Ed and Dre are offered their jobs back, but decided to quit, stating it's too violent for them. When they return to their old barbershop they discover oil coming from the floor. Soon after, they're back in business re-opening the place giving customers bad haircuts.

==Cast==
- Doctor Dré as Himself
- Ed Lover as Himself
- Badja Djola as Lionel Douglas
- Cheryl "Salt" James as Teesha Braxton
- Colin Quinn as Frankie Flynn
- Denis Leary as Sergeant Cooper
- Bernie Mac as George "G-George"
- Terrence Howard as Costumer
- Richard Gant as Albert
- Guru as Martin Lorenzo
- Ice-T as Chauncey "Nighttrain" Jackson
- Larry Cedar as Officer Barnes
- Jim Moody as Nick Crawford
- George T. Odom as Albert
- Joe Lisi as Captain Reilly
- Karen Duffy as Officer Day
- Roger Robinson as Charlie
- Richard Bright as Demetrius
- Leslie Segar as Sheneequa
- Rozwill Young as Bo Griles
- Vinny Pastore as Tony "Clams" Como
- Tony Lip as Vito Pasquale
- Caron Bernstein as Kelly
- Kim Chan as Fuji

===Cameo appearances===
- B-Fine as Club Guy #1
- B-Real as Jose
- Apache as Bubba Worker #1
- Ashanti as Kid #4
- Bill Bellamy as K.K.
- Big Bub as Roscoe
- Bow-Legged Lou as "Forty"
- Bushwick Bill as Bar Vagrant
- Busta Rhymes as Jawaan
- Angelo Montagnese as The Manno
- Michael Giordano as Not The Manno
- Chi-Ali as Drew
- CL Smooth as Robber #2
- Danny Boy as Steve
- Del the Funkee Homosapien as Kid #1
- D-Nice as Male Nurse
- DJ Lethal as Mike
- D.J. Wiz as Test Taker #1
- Dres as Malik
- Eric B. as Robber #5
- Everlast as Billy
- Fab 5 Freddy as Himself
- Flavor Flav as Himself
- Freddie Foxxx as The Bartender
- Gavin O'Connor as Police Drill Man
- Heavy D as Himself
- House of Pain as Card Players
- Humpty Hump as Club Doorman
- Kid Capri as Himself
- King Sun as Haircut Guy
- Kool G Rap as Guy In Barbershop Chair
- Kris Kross as Karim / Micah
- KRS-One as Rashid
- Kurt Loder as The Hitman
- Leaders of the New School as Passengers In Jeep
- Lin Que Ayoung as Female Nurse
- Mark Sexx as Guy At Bar
- Melle Mel as Delroy
- Monie Love as Vanessa
- Naughty By Nature as Themselves
- Nikki D as Protester
- Pete Rock as Robber #1
- Penny Hardaway as Darryl
- Phife Dawg as Gerald
- Queen Latifah as Herself
- Run-D.M.C. as Detectives
- Sandra "Pepa" Denton as Sherise
- Scottie Pippen as Raymond
- Showbiz & A.G. as Test Taker #2 / Test Taker #3
- Smooth B as Bubba Worker #2
- Stretch as Benny
- Taji and Qu'ran Goodman as Kid #2 / Kid #3
- Yo-Yo as Woman

== Production ==
Doctor Dré and Ed Lover personally requested Ted Demme direct the film as Love and Demme had been friends since school and had a good working relationship with him on the show Yo!

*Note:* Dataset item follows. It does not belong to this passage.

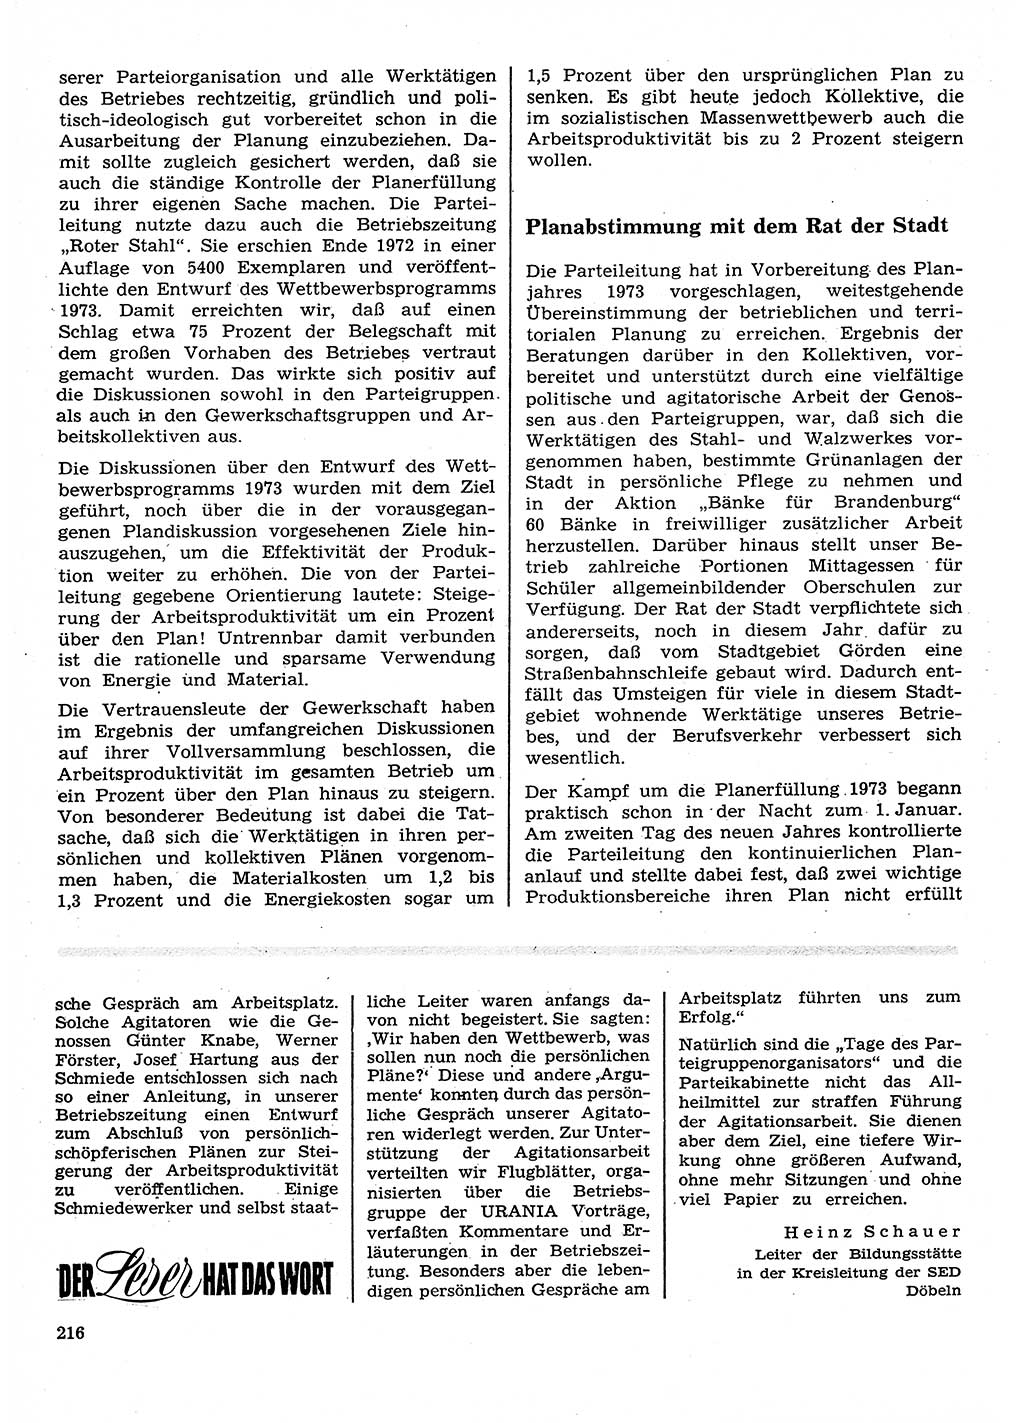 Neuer Weg (NW), Organ des Zentralkomitees (ZK) der SED (Sozialistische Einheitspartei Deutschlands) für Fragen des Parteilebens, 28. Jahrgang [Deutsche Demokratische Republik (DDR)] 1973, Seite 216 (NW ZK SED DDR 1973, S. 216)
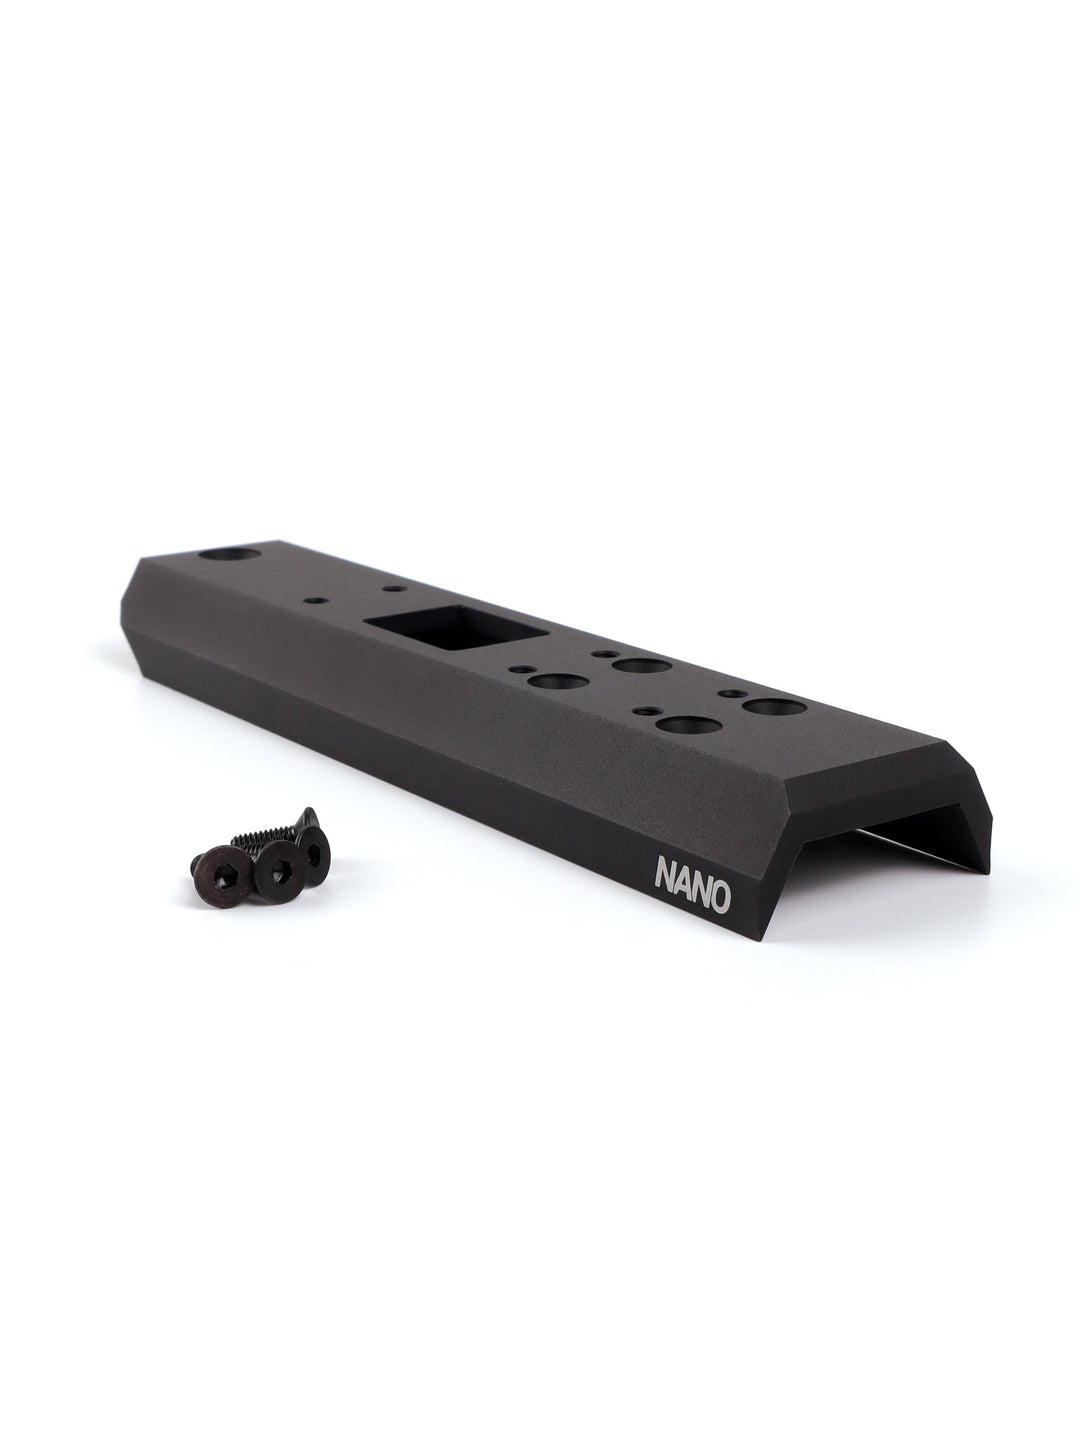 B-stock: Core Mount /Nano Carbine/

MTV Raps. Demme secured other prominent hip-hop artist for roles in the film who agreed to work for scale as a favor to Demme. Demme credited his time on MTV with the production going as smoothly as it did as the network gave him plenty of opportunities to experiment as well as making industry connections.

== Reception ==
Rotten Tomatoes gives the film a score of 56% based on reviews from 9 critics.

Roger Ebert gives a favorable review, with a score of 3 stars out of 4.

==Soundtrack==

A soundtrack containing hip hop music was released on April 20, 1993, through MCA Records. It peaked at #32 on the Billboard 200 and #8 on the Top R&B/Hip-Hop Albums.